I have no idea how to say anything in Tagalog except for mahal kita. My husband came to the US as a small boy and he can understand and anwer back in Tagalog when his mother speaks to him but he can't just say what something means. I want to learn some so I can communicate with my mother-in-law better and to maybe expose our son to it a little more. I have no idea at all where to begin. I look up verbs and other things but don't understand how exactly to make the verb go from one tense to another or one actor to another. I would love any help anyone has to offer me! Salamat!

Miranda


----------



## rockjon

http://www.seasite.niu.edu/Tagalog/tagalog_verbs.htm
https://learningtagalog.com/grammar/1_8_verbs.html

The second link is a good place to start since it covers verbal focus. Learning tagalog verbs isn't easy. There are several nuances and details that you have to learn. For instance, something that most guides and books don't tell you is the meaning of the verb sometimes changes depending on the conjugation of verb.
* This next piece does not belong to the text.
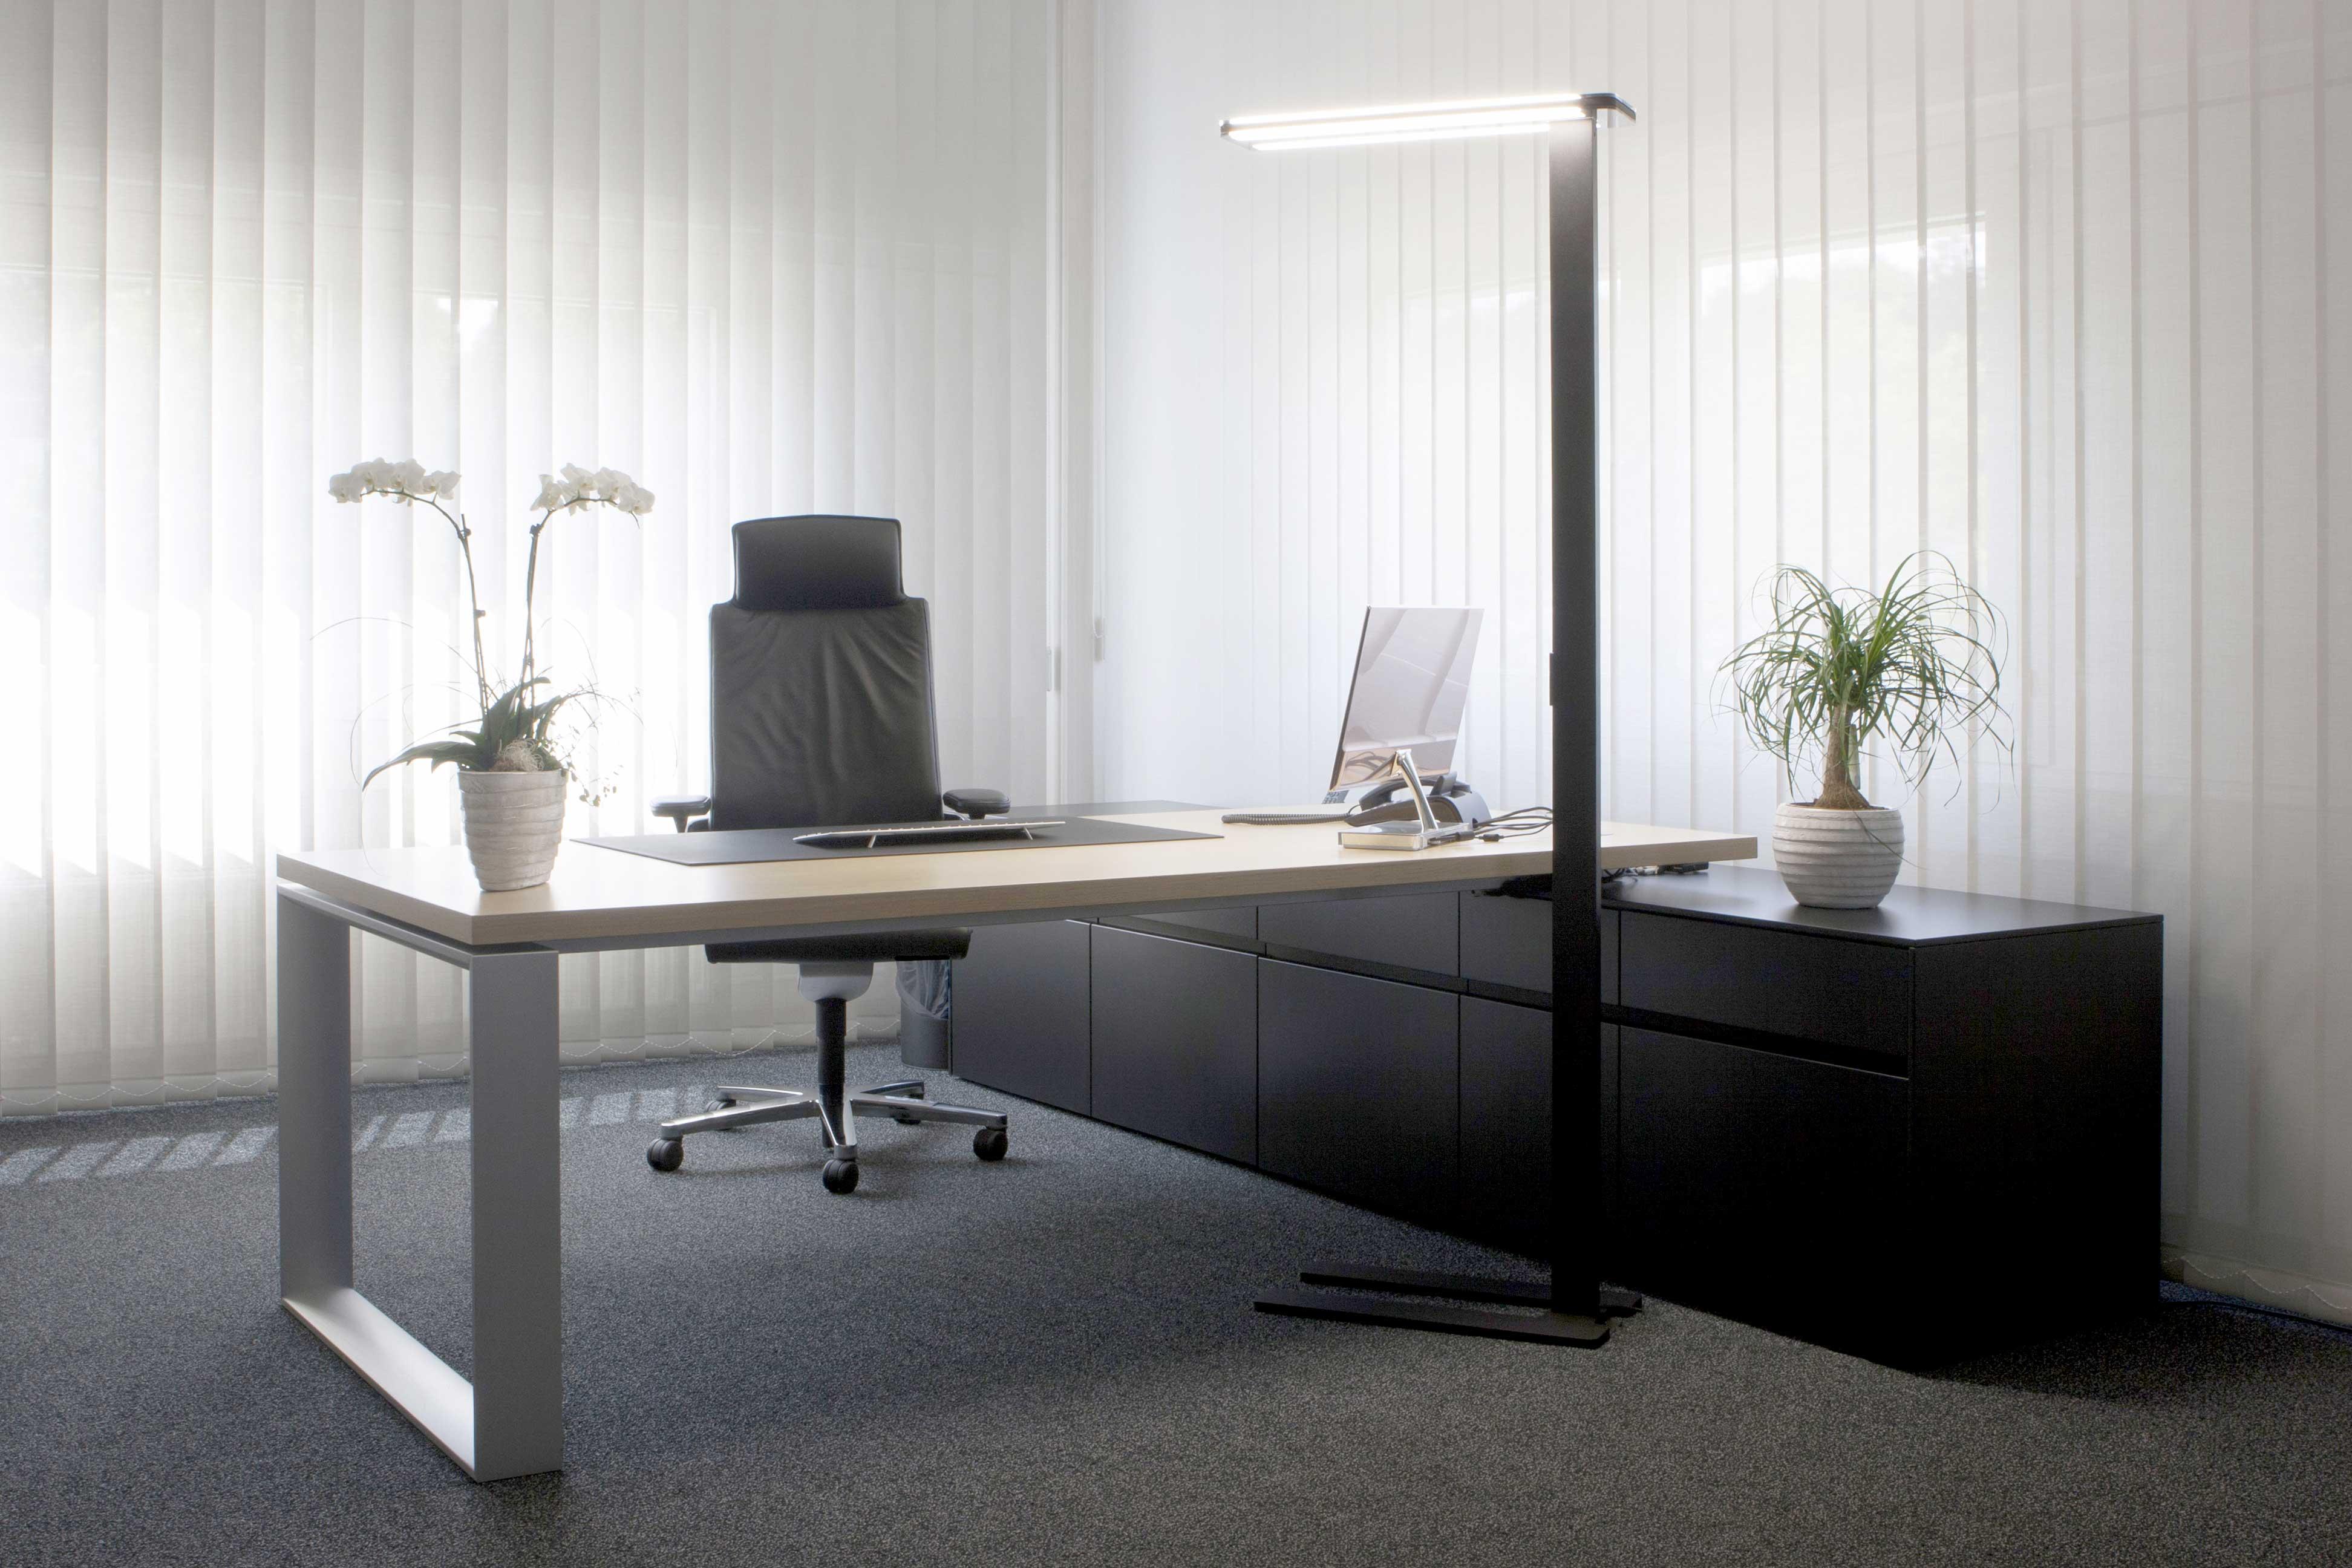 bdk luminaires lampadaire bureau administratif produits. Black Bedroom Furniture Sets. Home Design Ideas
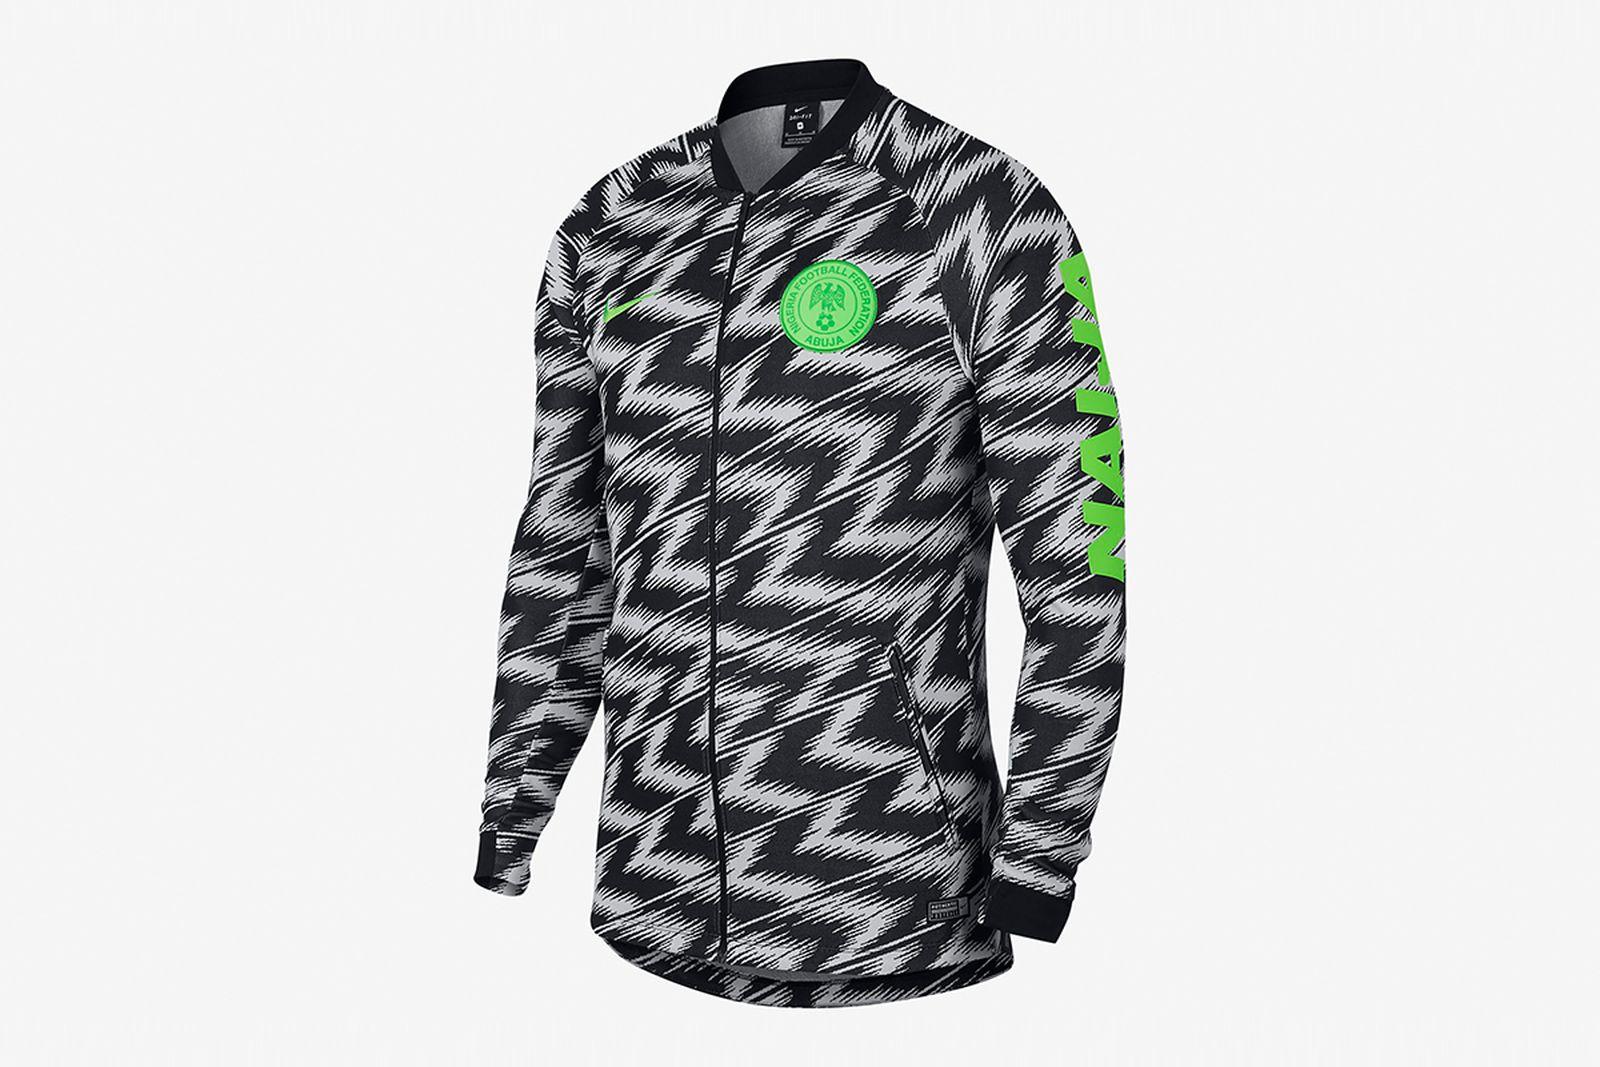 nigeria anthem jacket 2018 FIFA World Cup nigeria football kit

Ex: Dumaan ako sa EDSA kasi masyadong ma-traffic sa C-5 pag a las tres.
I passed by EDSA because there's a lot traffic at C-5 if it's 3 o'clock.  
Marami akong pinagdaanan dahil sa kahirapan. 
I went through a lot things because of poverty.
Lumuwa ang mga mata ko sa kagandahan ni ems.
My eyes bulged at the beauty of ems.
Iniluwa ko yung butong pakwan.
I spit out the watermelon seed.  

Assuming that everything I wrote above is right since I'm not 100% sure myself, the meaning of verb changes due to the conjugation of the verb.  However, this isn't true for all verbs.  If you want to start learning verbs,  the best place to start is with commonly used verbs like punta (go), dala (bring), tulog (sleep).


----------



## Pinoy Tsinoy

Tagalog verbs are among the hairiest in the world.  I think you need to attend classes because self-study will take forever.  I am not underestimating your capabilities, though, so you can visit the sites mentioned above.  Also, constant practice and speaking with a native will surely increase your competence.


----------